The missions entrusted to this orchestra evolve around three pillars:

- The ceremonial: by participating in the influence of the Army during military and patriotic ceremonies.
- The civic pillar: by participating in various musical actions in partnership with the civilian world in order to consolidate the link between the Army and the Nation.
- The artistic and cultural pillar: the only professional harmony orchestra in the West zone, the Musique des Transmissions aims to promote and introduce composers and the great works of this repertoire, whether from yesterday or today.

== Marine Band ==
Ambassador of the Army, the Music of the Marine Troops was founded in Rochefort in 1945. Now comprising around fifty musicians, this formation is the main heir to the musical traditions of the Marine Troops, thus contributing to the prestige and reputation of this elite corps.

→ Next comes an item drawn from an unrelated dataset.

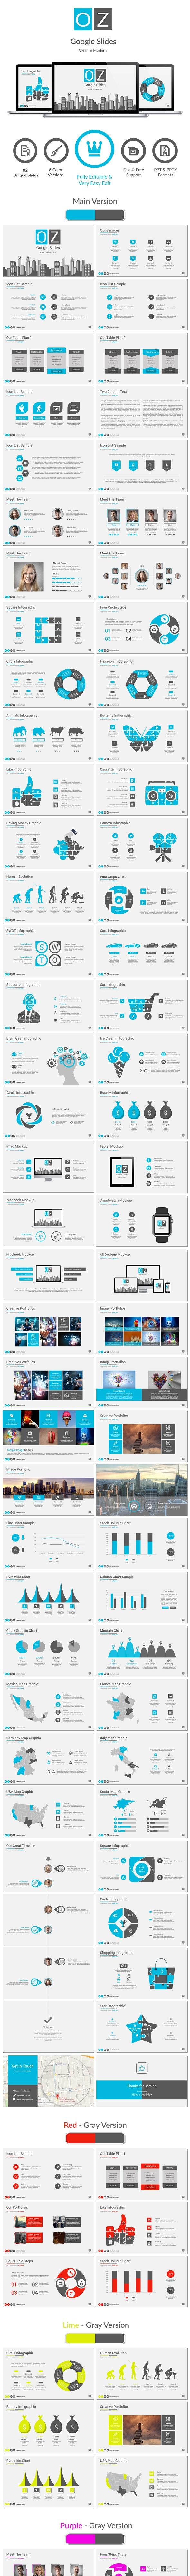 OZ Google Slides - Google Slides Presentation Templates
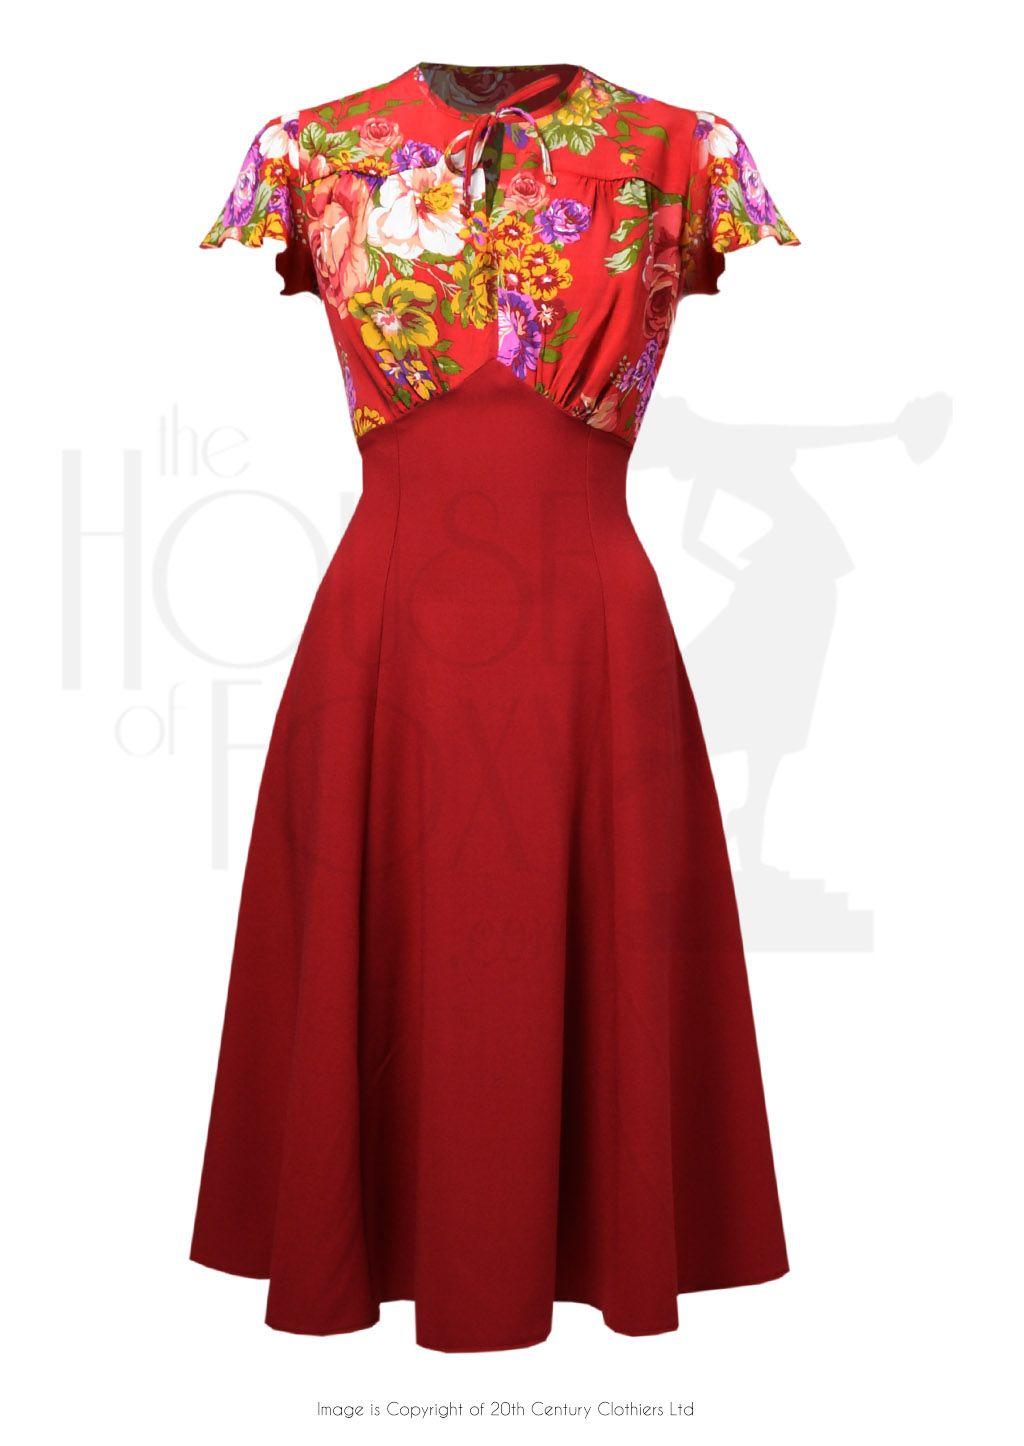 1940er Jahre Stil Grable Tea Kleid in purpurnen Träume | querbeet ...

Its missions are structured around three areas: participation in official ceremonies for the highest civil and military authorities of the State, prestigious concerts and international festivals. In order to adapt to the expectations of the public, the Music of the Marine Troops is divided into various formations: large harmony orchestra, but also variety orchestra, large brass ensemble, dixieland ensemble, brass quintet, wind quintet, clarinet and saxophone quartets. Stationed on the Satory plateau in Versailles, this formation is made up of high-level professional musicians.

==History==
In 1731, the need to train orderly musicians became a reality for the cavalry regiments with the creation of a military trumpet school at the Hôtel Royal des Invalides, which was then closed in 1788.
In 1799, this school was recreated in Versailles under the name of the National School of Military Music.
In 1762, in France, the first regular institution of military orchestras took place in the French Guards and Swiss Guards regiments of the Maison du Roi.
In 1930, the school for sub-chiefs and conductors of military music was created.
In 1965, it was renamed the training and development center for non-commissioned officer musicians of the Army.
In 1978, it became the military music conservatory of the Army.
Since 2016, it has been called the Army Music Command.